We used of Redundancy Analysis (RDA) as a genotype-environment association (GEA) method to simultaneously assess the percent of genomic variation explained by environmental variables and to detect loci under selection (see the relevant paper of Forester et al. 2018. RDA is a two-step analysis in which genetic and environmental data are analyzed using multivariate linear regression. Then PCA of the fitted values is used to produce canonical axes, which are linear combinations of the predictors (Legendre & Legendre, 2012). Here, we performed the RDA on a individual-based sampling design rather than population-based, see Benestan et al. 2016.
Here, we apply RDA to genomic data from 276 individuals of the white seabream (Diplodus sargus) sampled across the Mediterranean sea.
Then, we analyse Results of the RDA at the full set of 18,512 single nucleotide polymorphism (SNP) markers. The goal of this study is to understand which environmental factor may drive the genomic divergence observed in this species.

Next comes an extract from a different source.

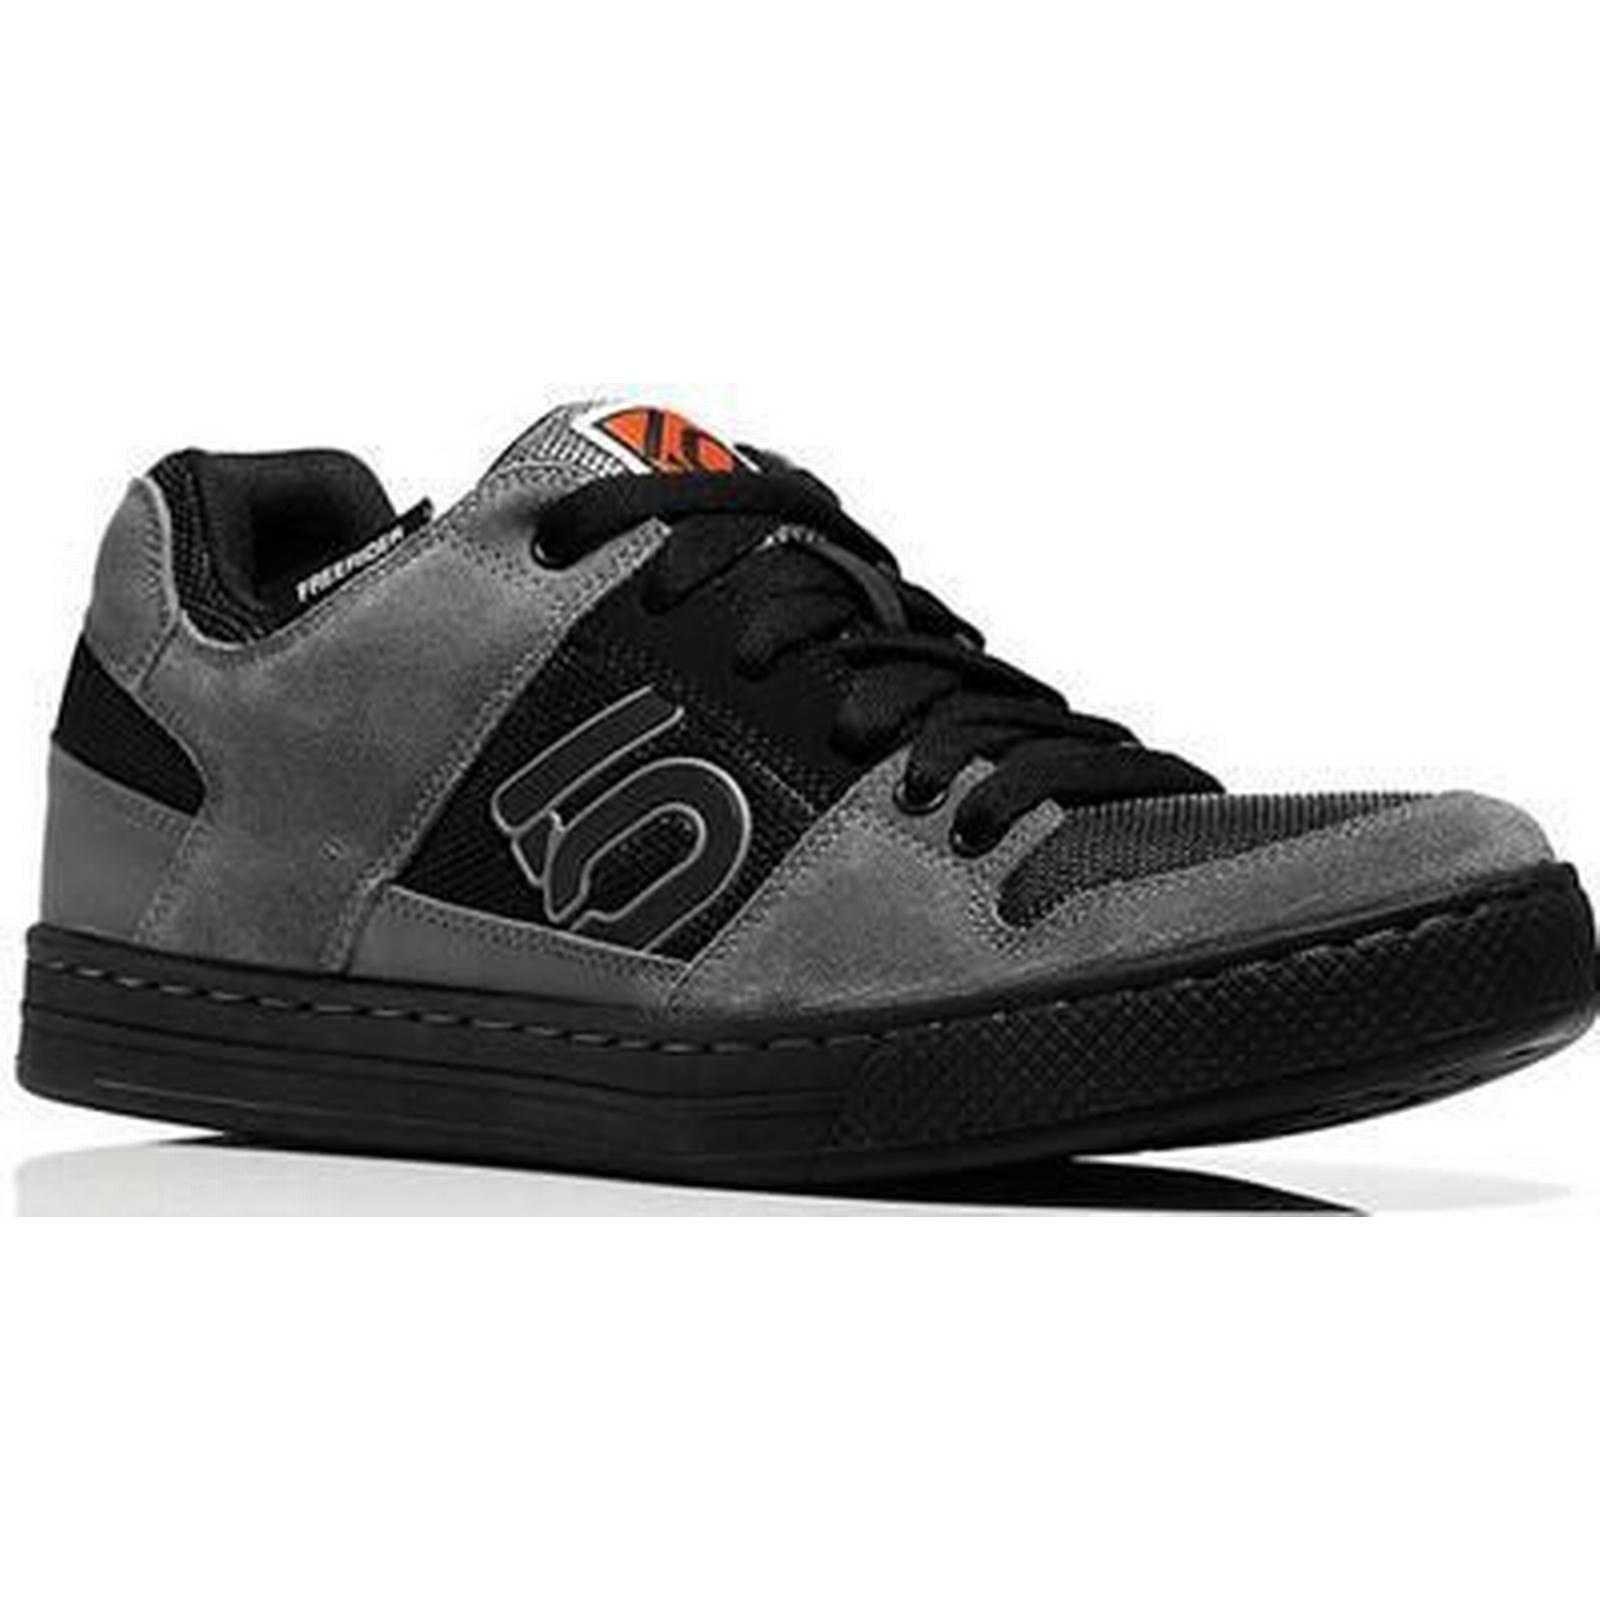 Fiveten Freerider Flat Mtb Shoe - BLACK/KHAKI 9 - 9 BLACK/KHAKI d23d72

In this case, the data is individual-based, and inputs are allele counts (i.e. 0/1/2) for each locus and individual fish.
Download R packages First, we install the necessary packages and then download the corresponding libraries.
library(psych)
library(vegan)
library(adegenet)
library(dplyr)
library(fmsb)
library(gsl)
Obtain raw format from vcf file using VCFTOOLS and PlINK
Transform the vcf format into a tped plink format
vcftools --vcf yournameoffile.vcf --plink-tped --out yournameoffile
Then transform the plink format to a raw format by re-running the following command on your terminal.
plink --tped yournameoffile.tped --tfam yournameoffile.tfam --recodeA --out yournameoffile
plink_diplodus <- read.table("yournameoffile.raw", header=TRUE, sep=" ", row.names=1)
dim(plink_diplodus)
Prepare genomic data.
We remove the names of the samples as we don't consider these values when we will fill the missing values. Yet other way to handle the missing values and before doing this step visualize patterns of missingness and perform map-independent imputations of missing genotypes using grur package
gen <- plink_diplodus[,6:37029]
We calculate the percent of missing data. Multivariate analysis are very sensitive to missing data and these missing needs to be filled.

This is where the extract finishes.